Start of SUPPLIED INFORMATION

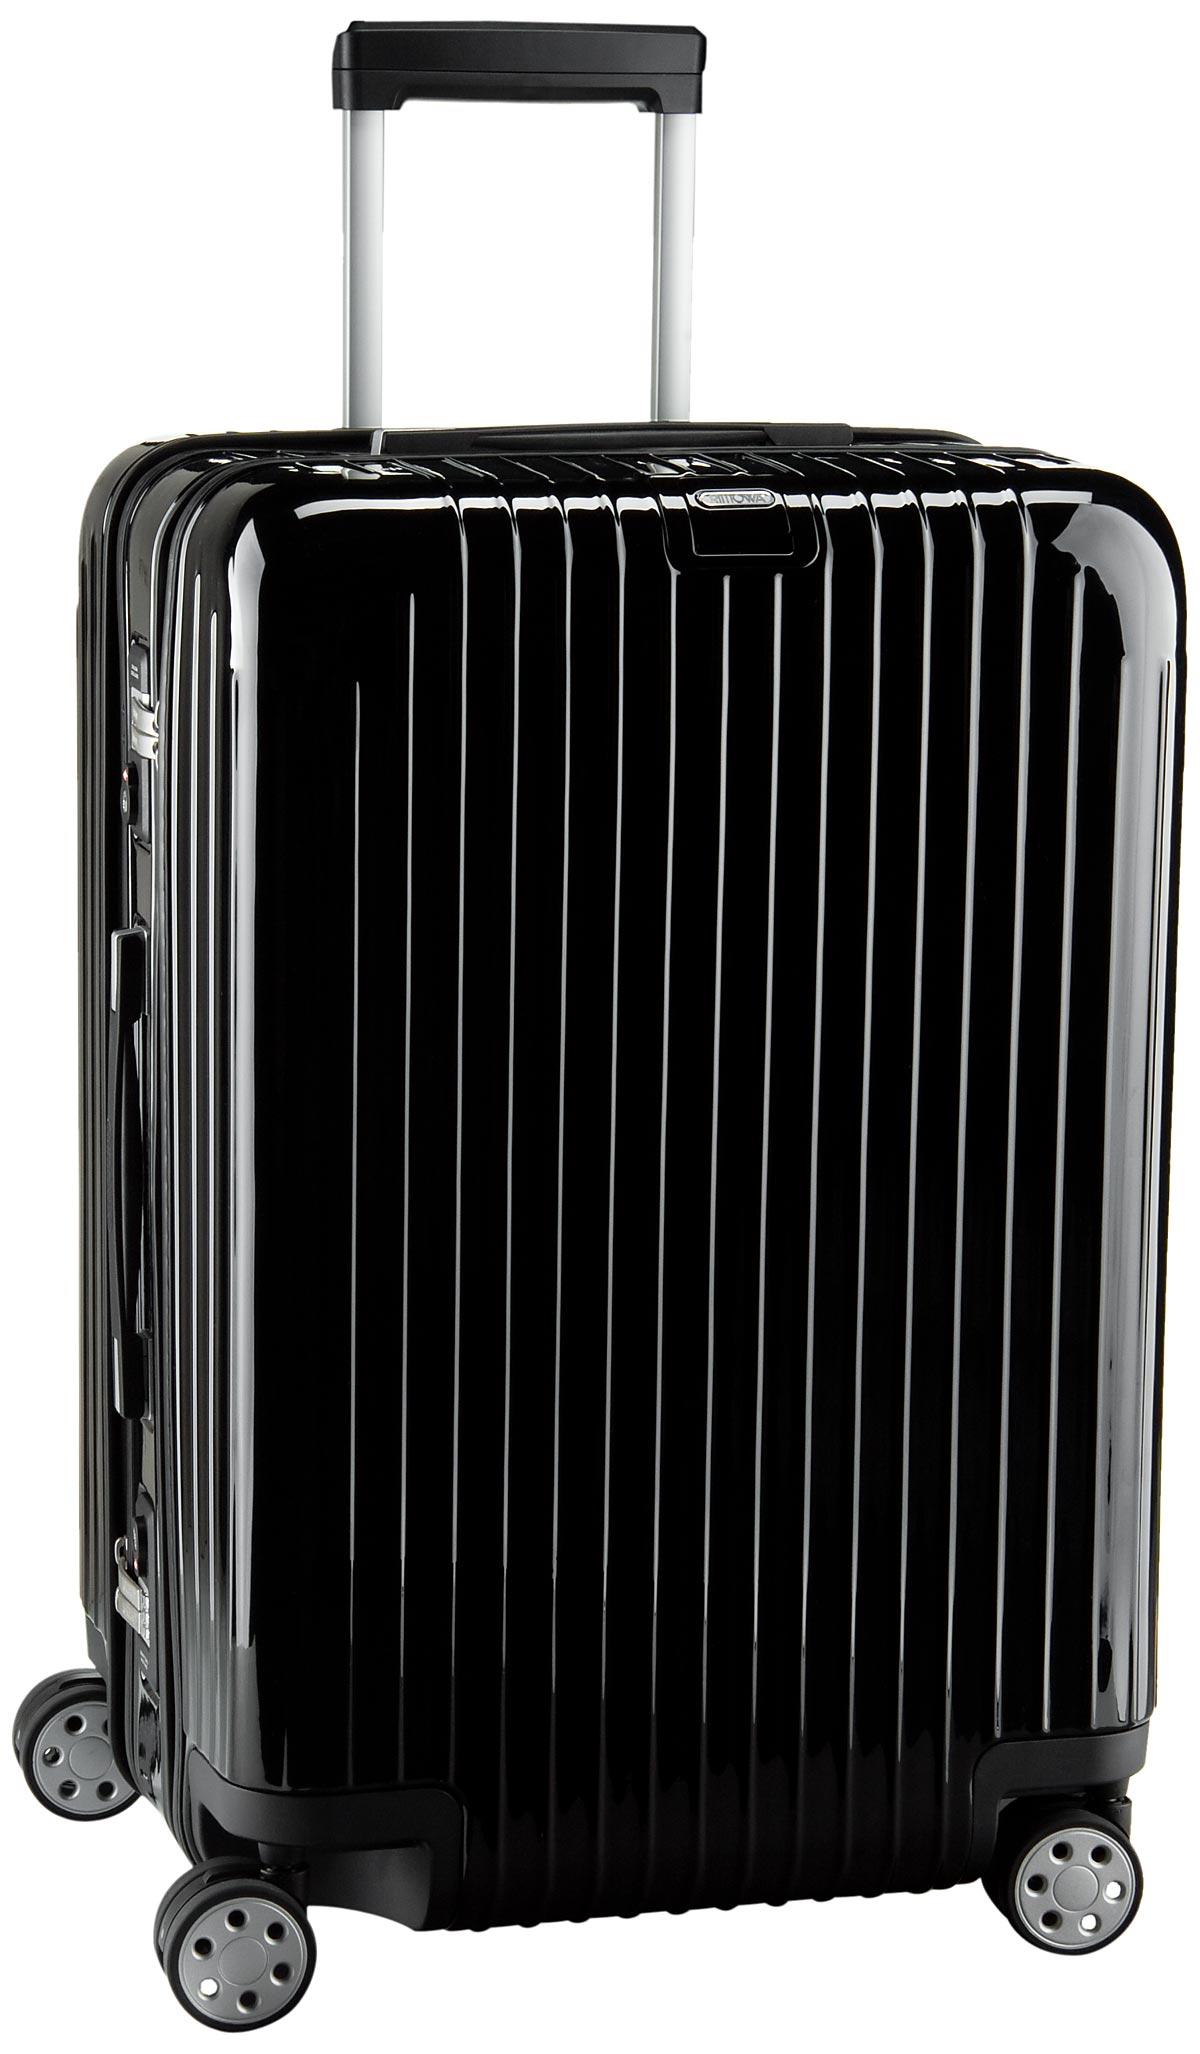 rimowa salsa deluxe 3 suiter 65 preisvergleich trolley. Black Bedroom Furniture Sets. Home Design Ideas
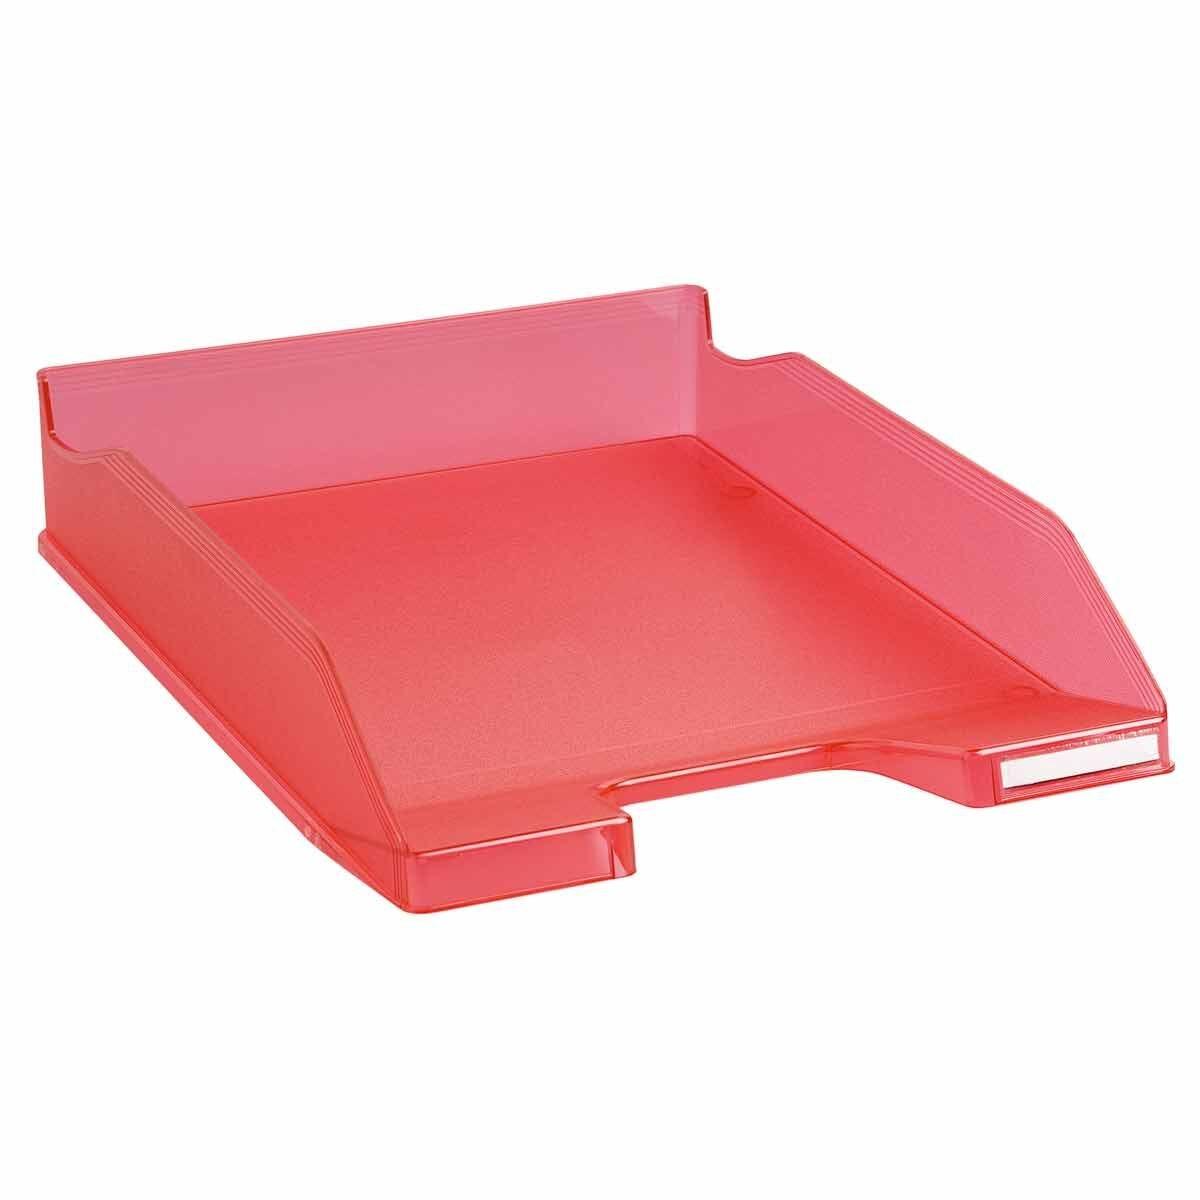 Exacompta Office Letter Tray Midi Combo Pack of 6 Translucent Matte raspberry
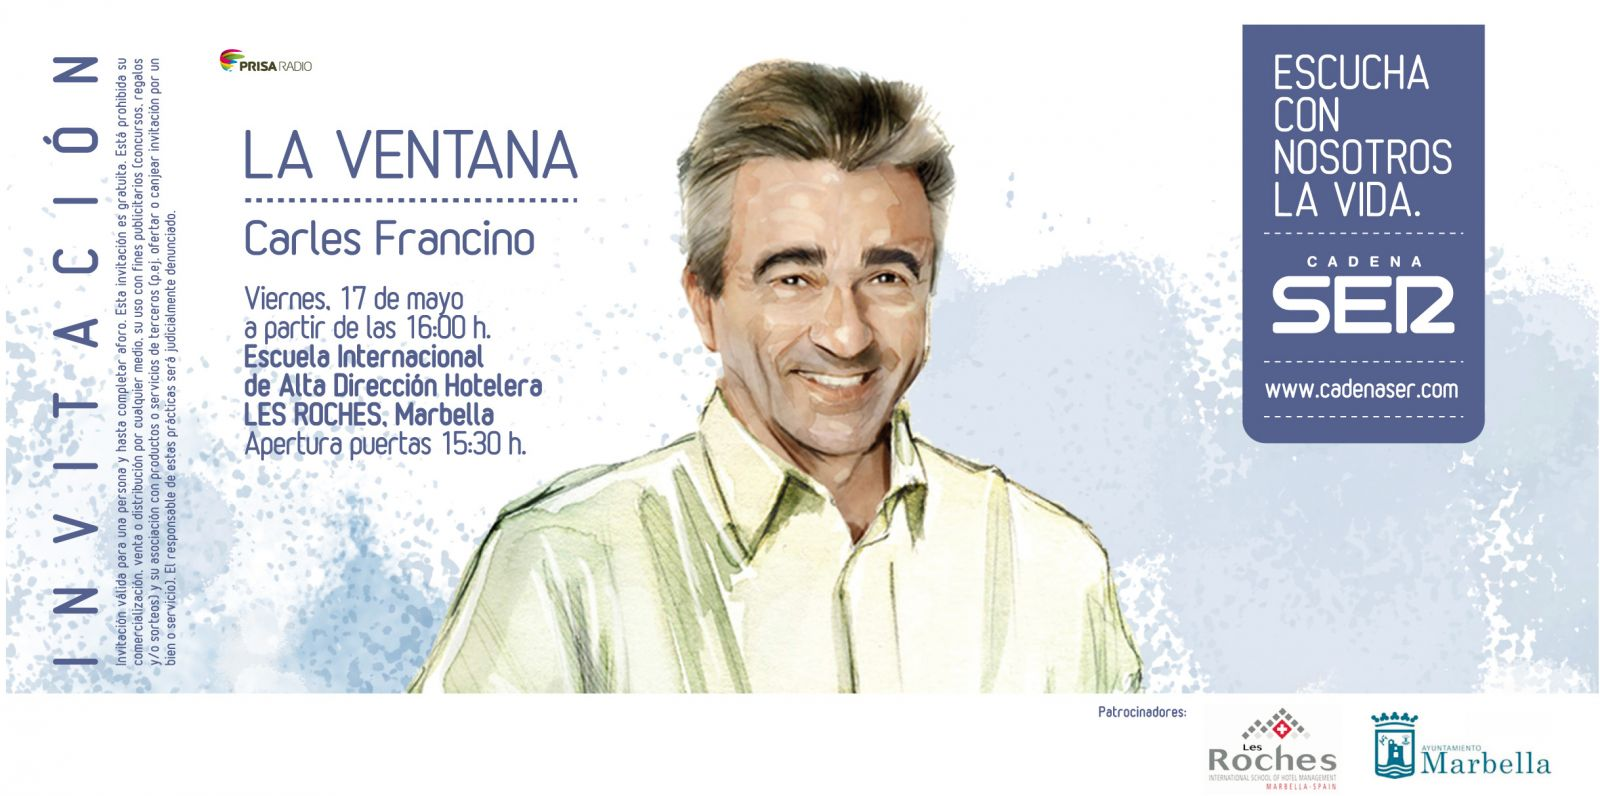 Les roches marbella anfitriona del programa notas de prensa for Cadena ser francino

End of SUPPLIED INFORMATION

:: WORK ORDER ::
Write out the line that contains "Exacompta Office Letter" and every line after it to the end of the data, exactly as they stand. Omit the pictures.

:: COMPLETED TASK ::
 Exacompta Office Letter Tray Midi Combo Pack of 6 Translucent Matte raspberry
 Les roches marbella anfitriona del programa notas de prensa for Cadena ser francino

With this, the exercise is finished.